#### How to complete this task:
Output the full listing below exactly as it reads, and skip anything that is a picture.
------ Collected data
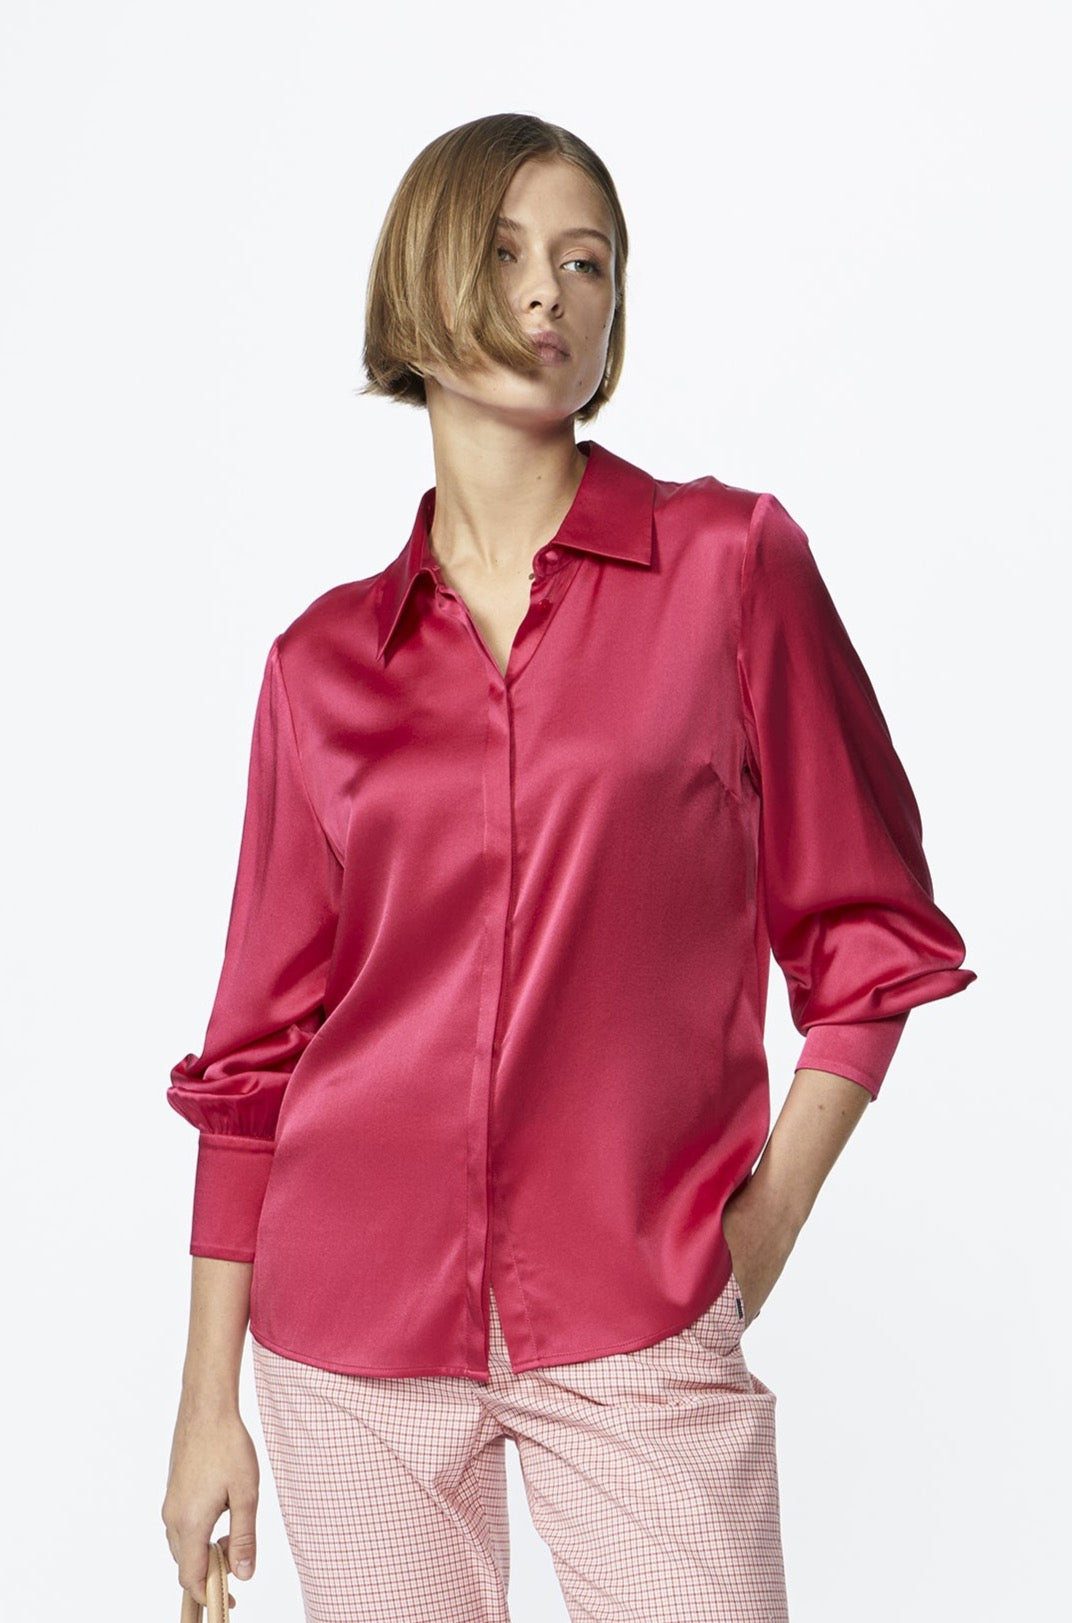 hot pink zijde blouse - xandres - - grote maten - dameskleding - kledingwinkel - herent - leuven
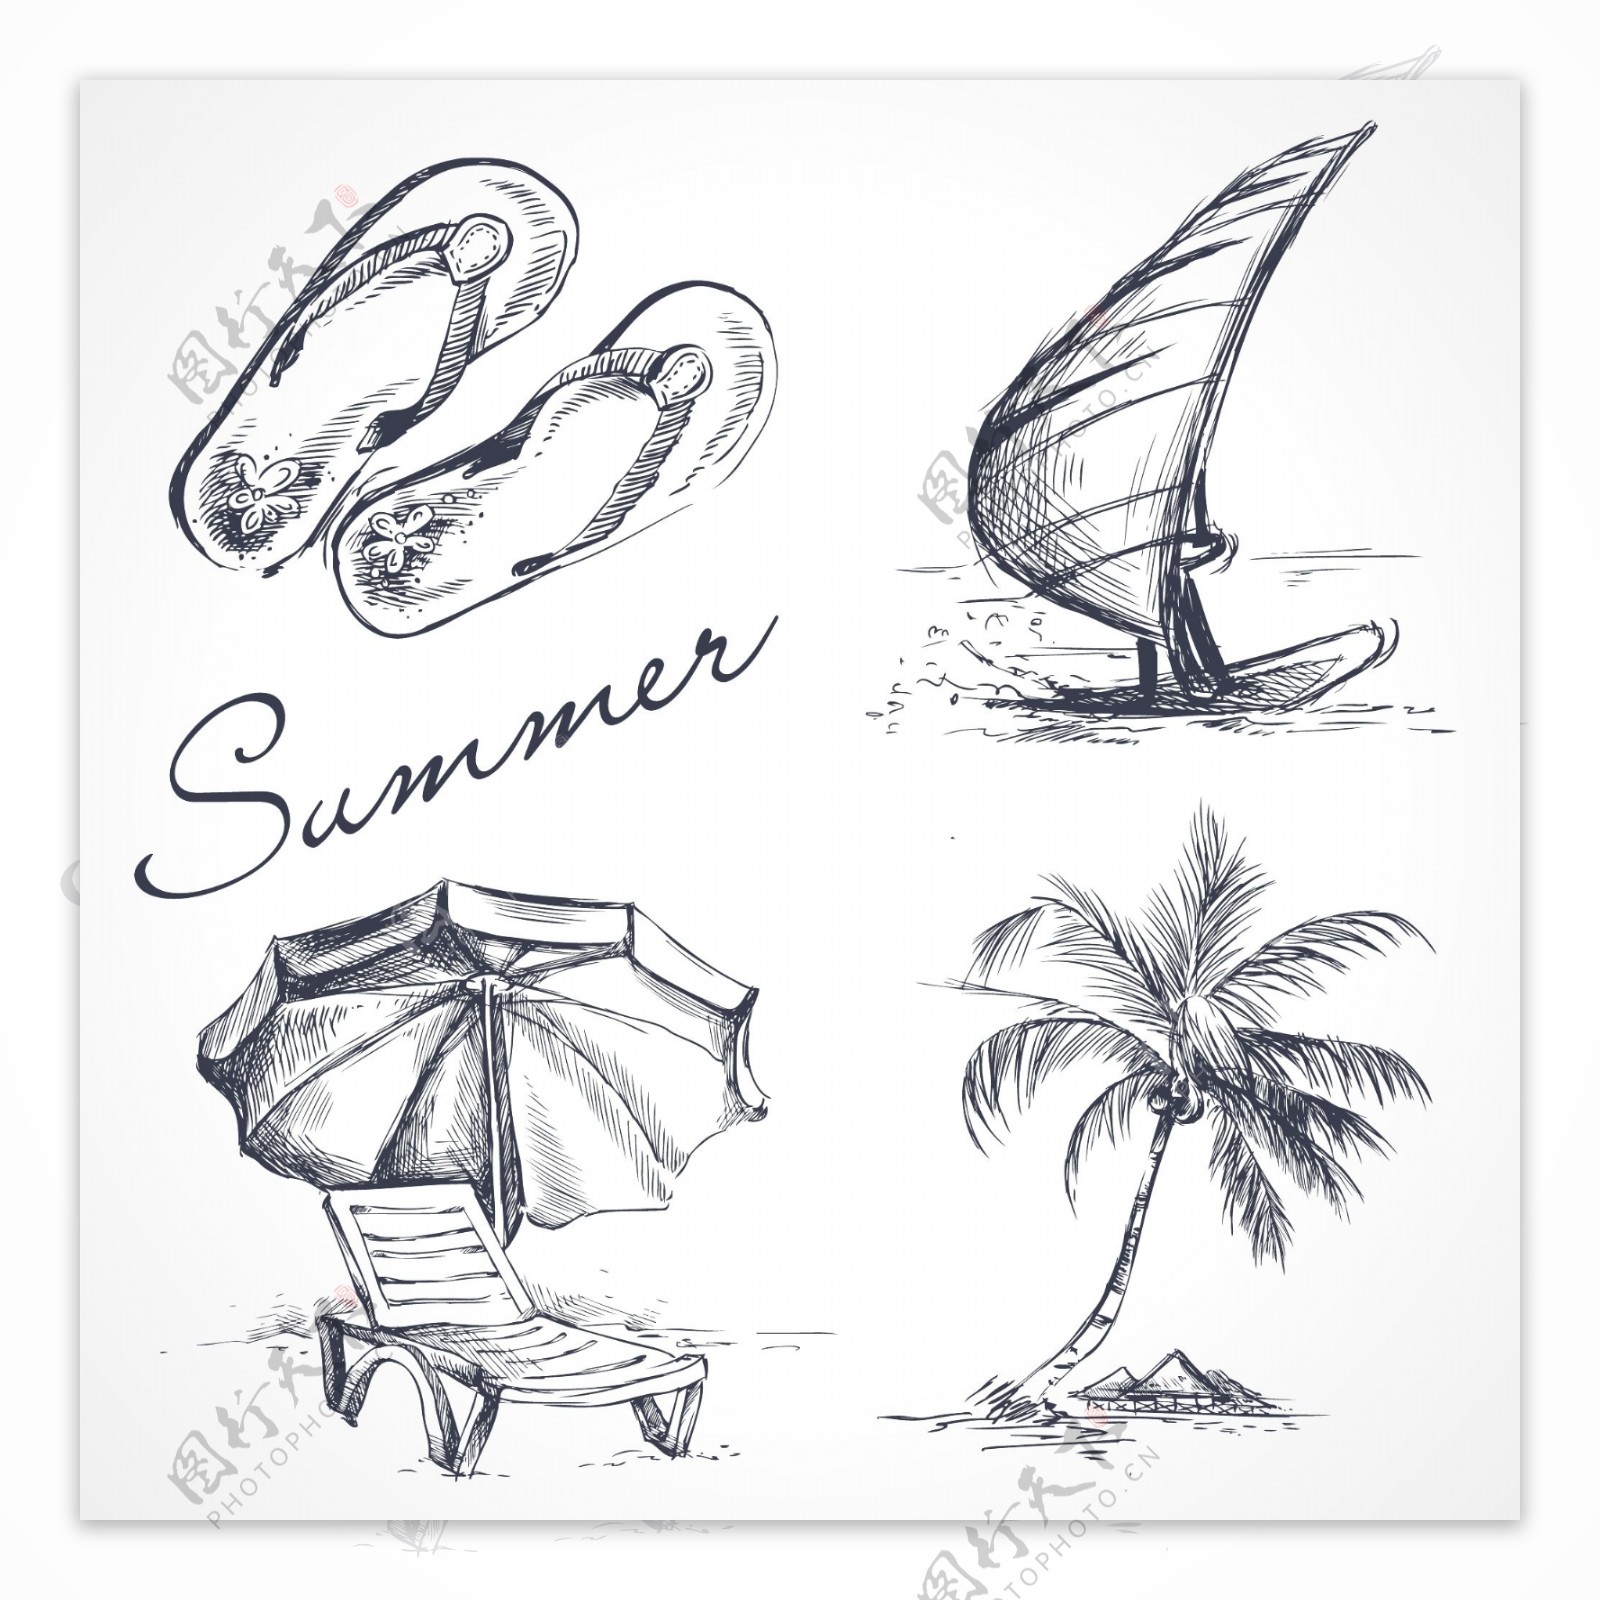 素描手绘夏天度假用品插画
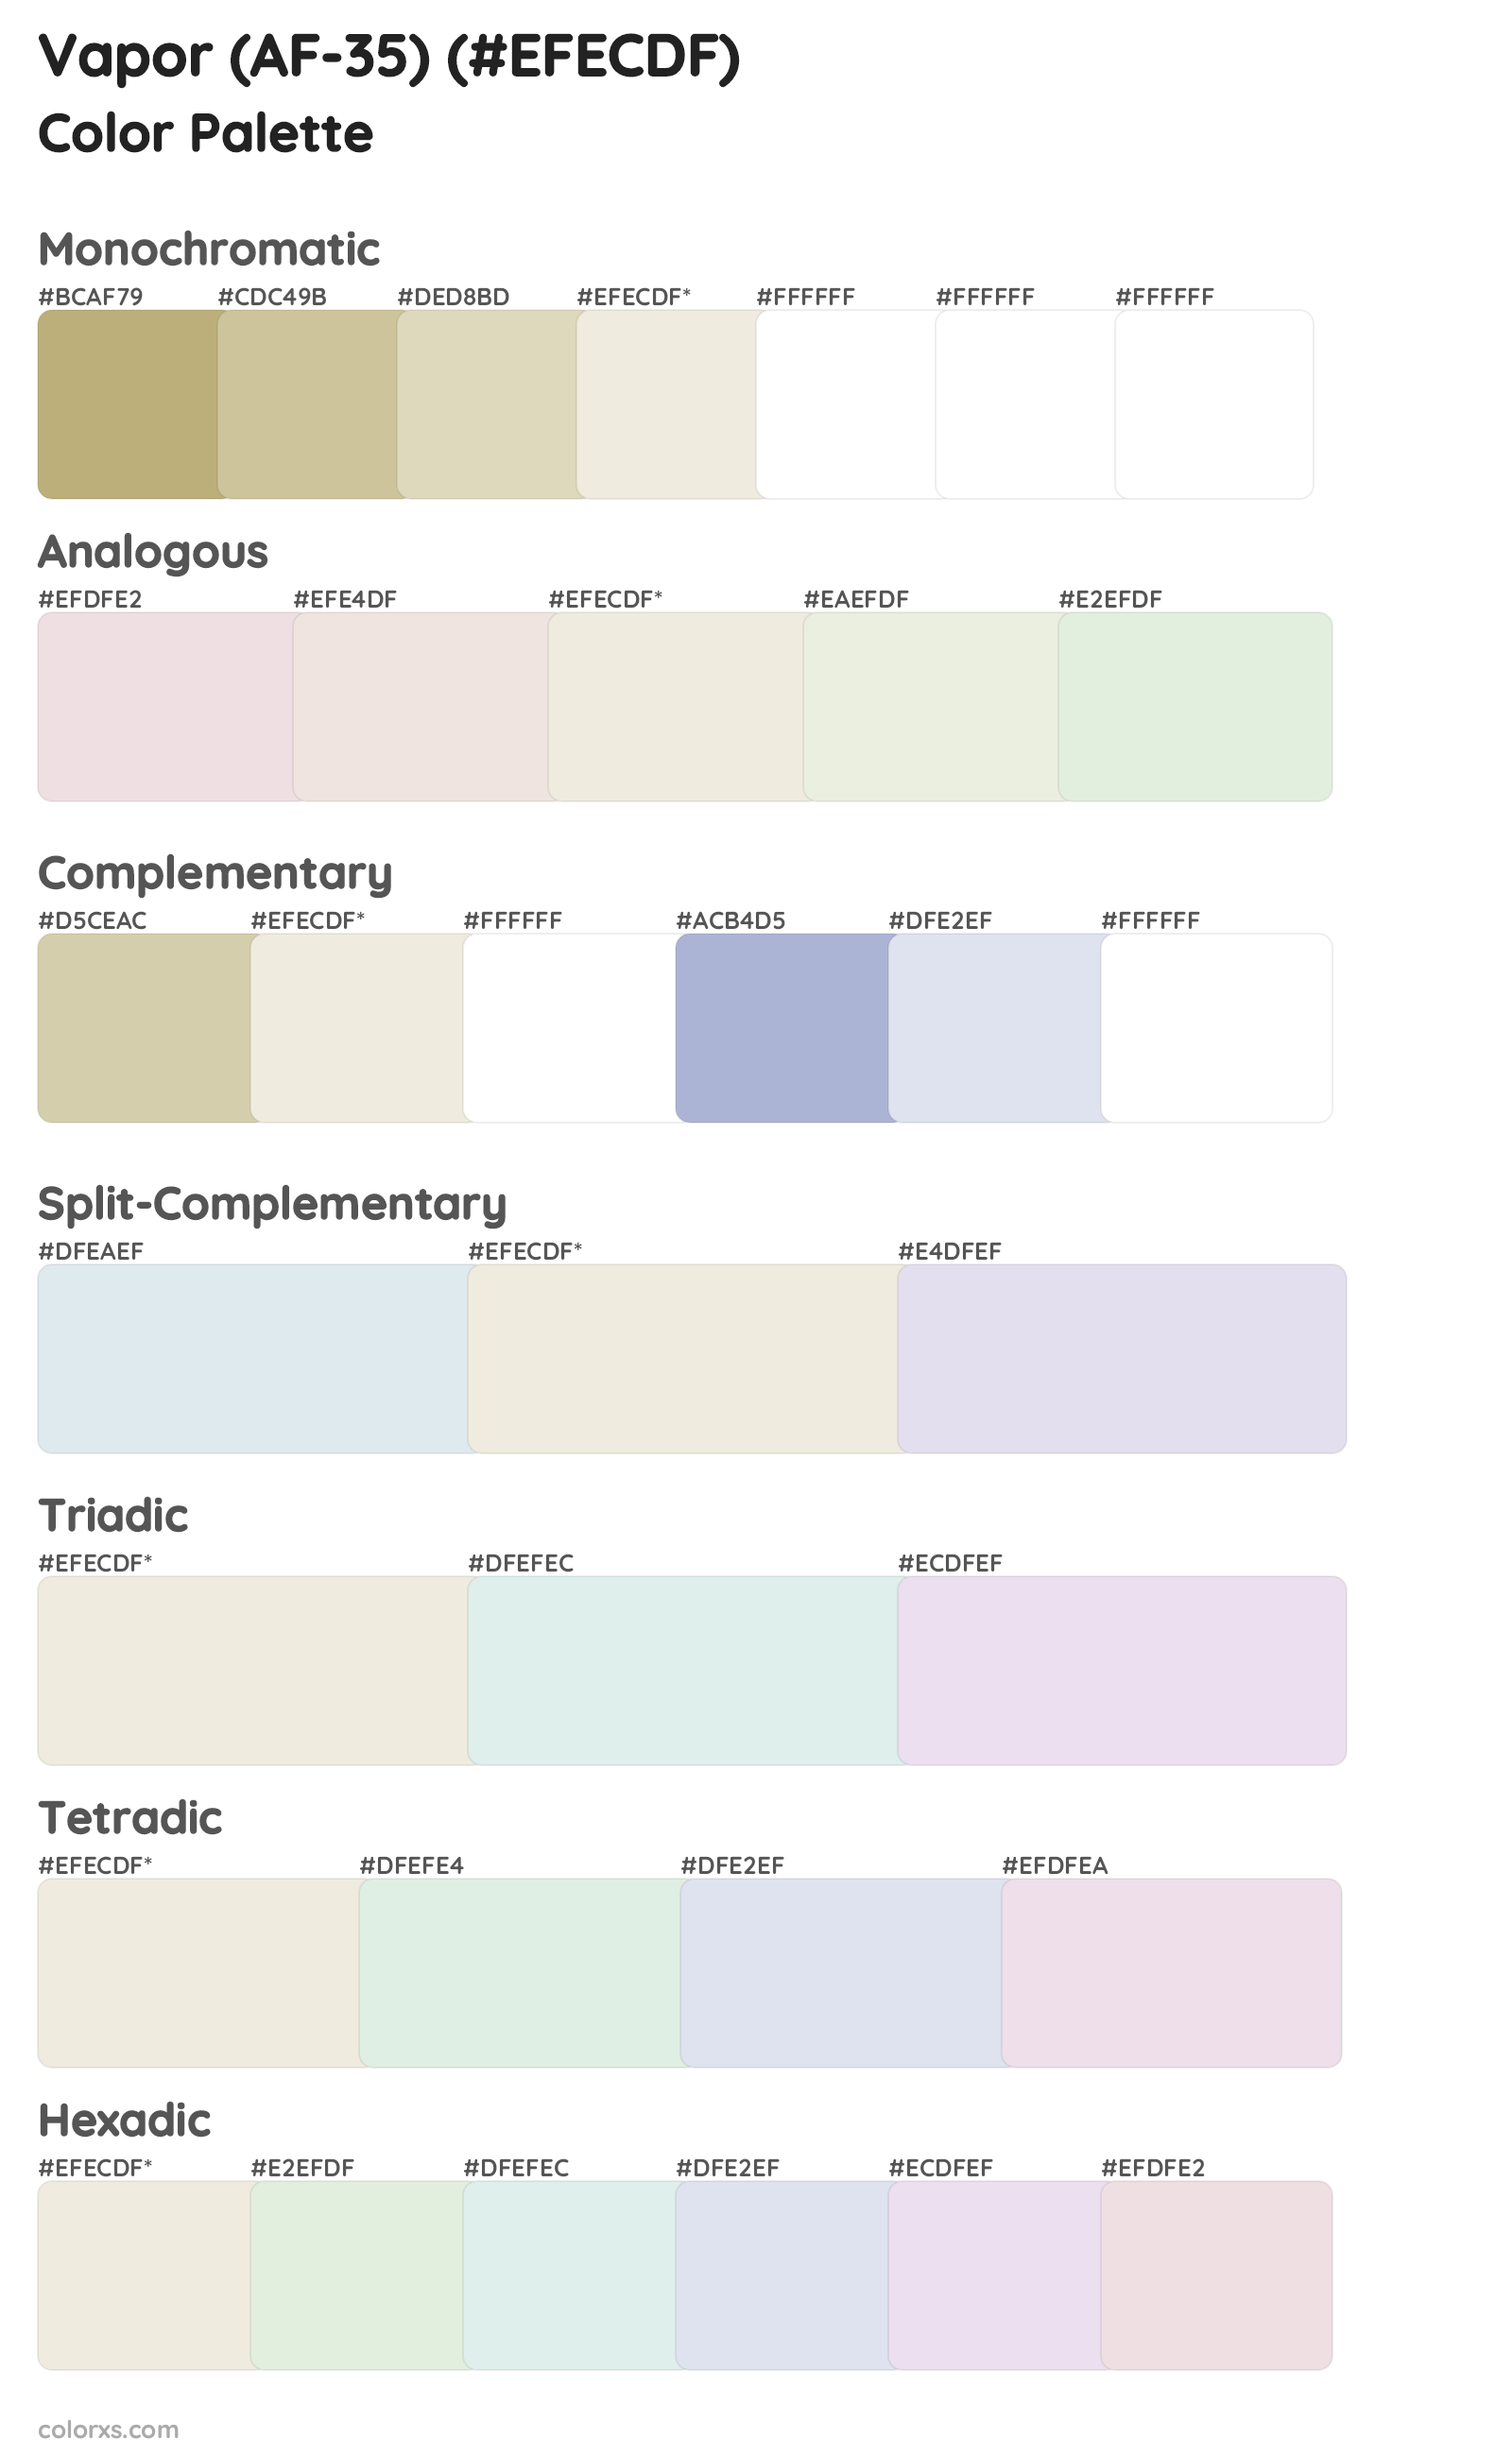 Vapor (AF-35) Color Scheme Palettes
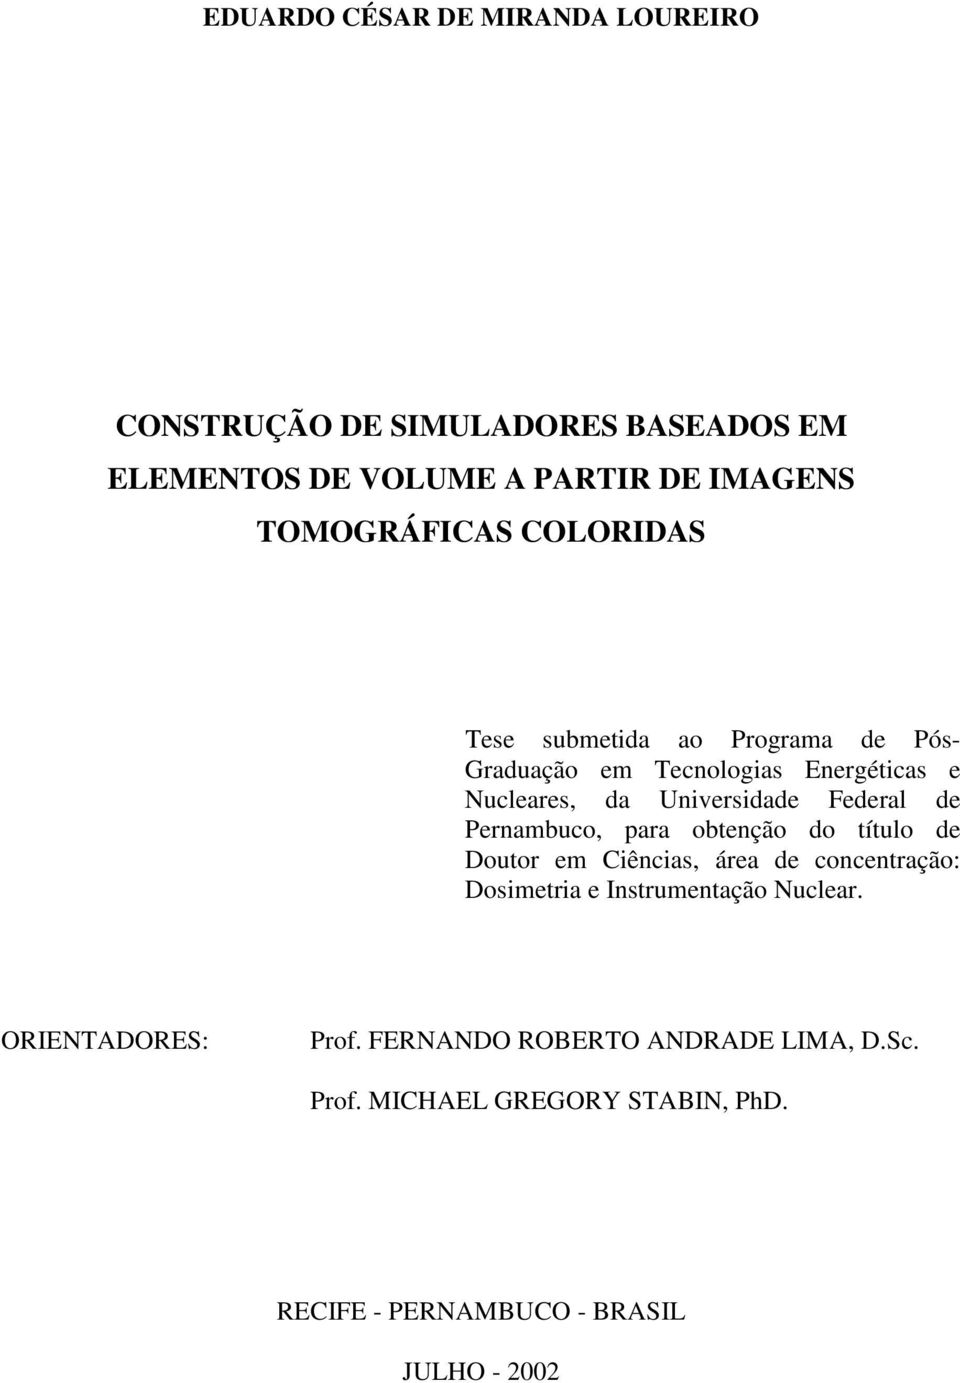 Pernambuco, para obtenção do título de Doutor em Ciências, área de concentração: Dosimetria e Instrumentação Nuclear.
------------
#### Response for this exercise:
 hot pink zijde blouse - xandres - - grote maten - dameskleding - kledingwinkel - herent - leuven
 素描手绘夏天度假用品插画
 Vapor (AF-35) Color Scheme Palettes
 Pernambuco, para obtenção do título de Doutor em Ciências, área de concentração: Dosimetria e Instrumentação Nuclear.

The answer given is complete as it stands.